TASK BRIEF: Output only the lines below from the one holding "永利402com官网电力宣传片" down to the one holding "[Days of Play]", both end lines included and every picture dropped.

AVAILABLE DATA:
• • • •

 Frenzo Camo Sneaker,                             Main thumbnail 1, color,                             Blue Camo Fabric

• • • •

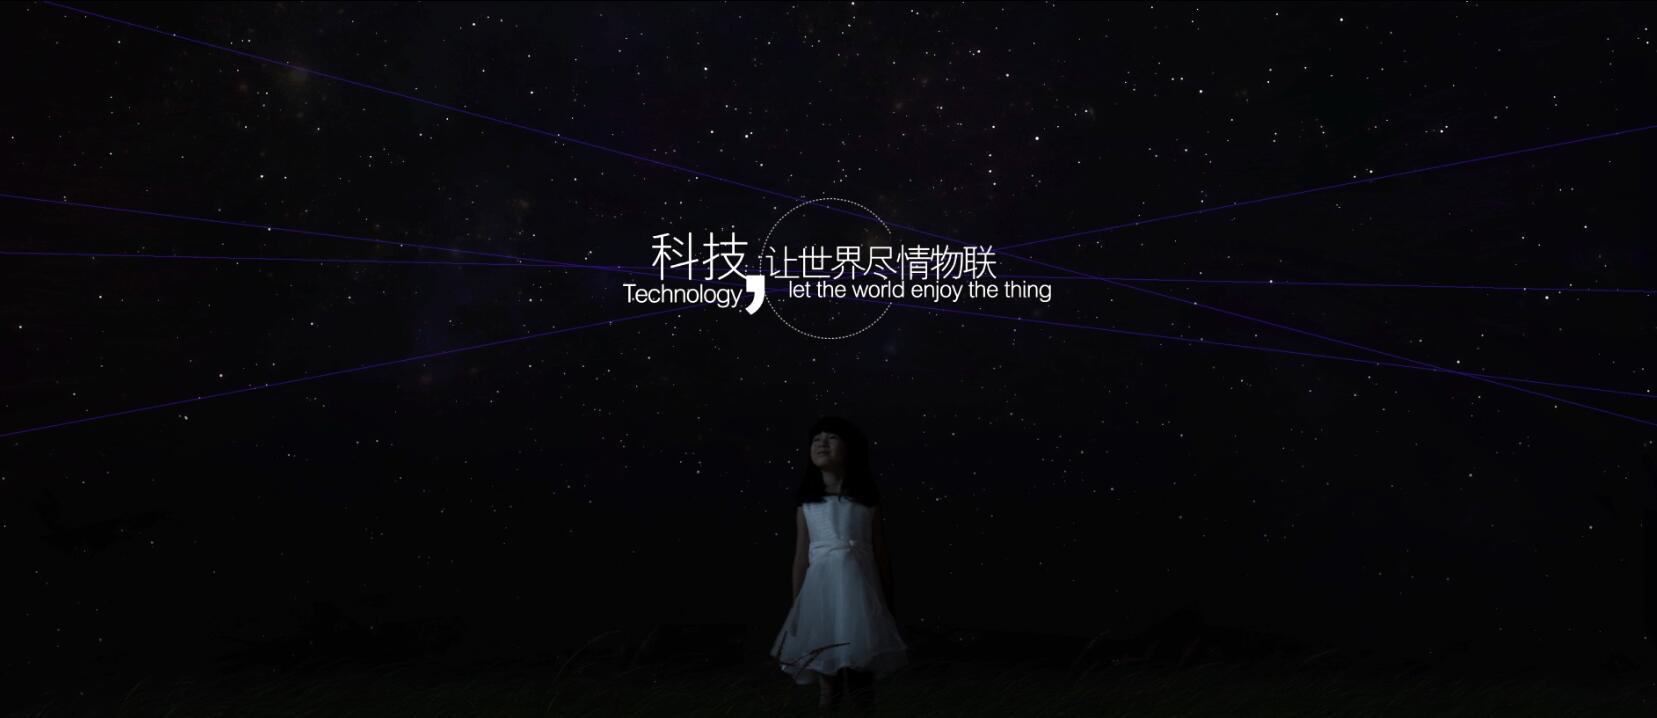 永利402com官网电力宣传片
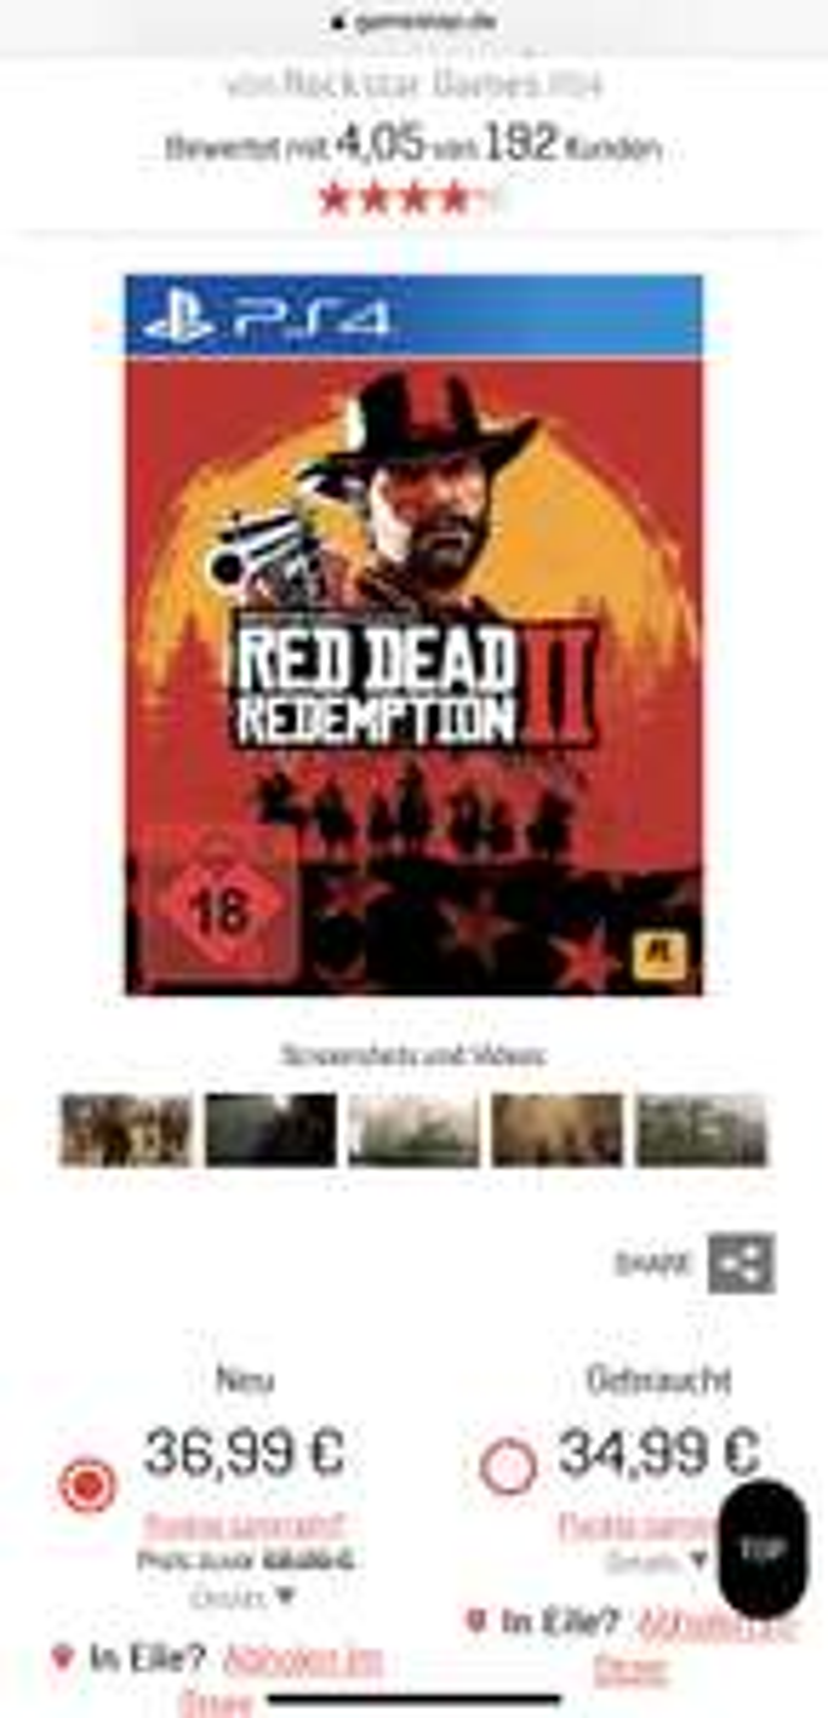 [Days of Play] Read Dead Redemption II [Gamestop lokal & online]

• • • •

RESULT BELOW:
 永利402com官网电力宣传片
 [Days of Play] Read Dead Redemption II [Gamestop lokal & online]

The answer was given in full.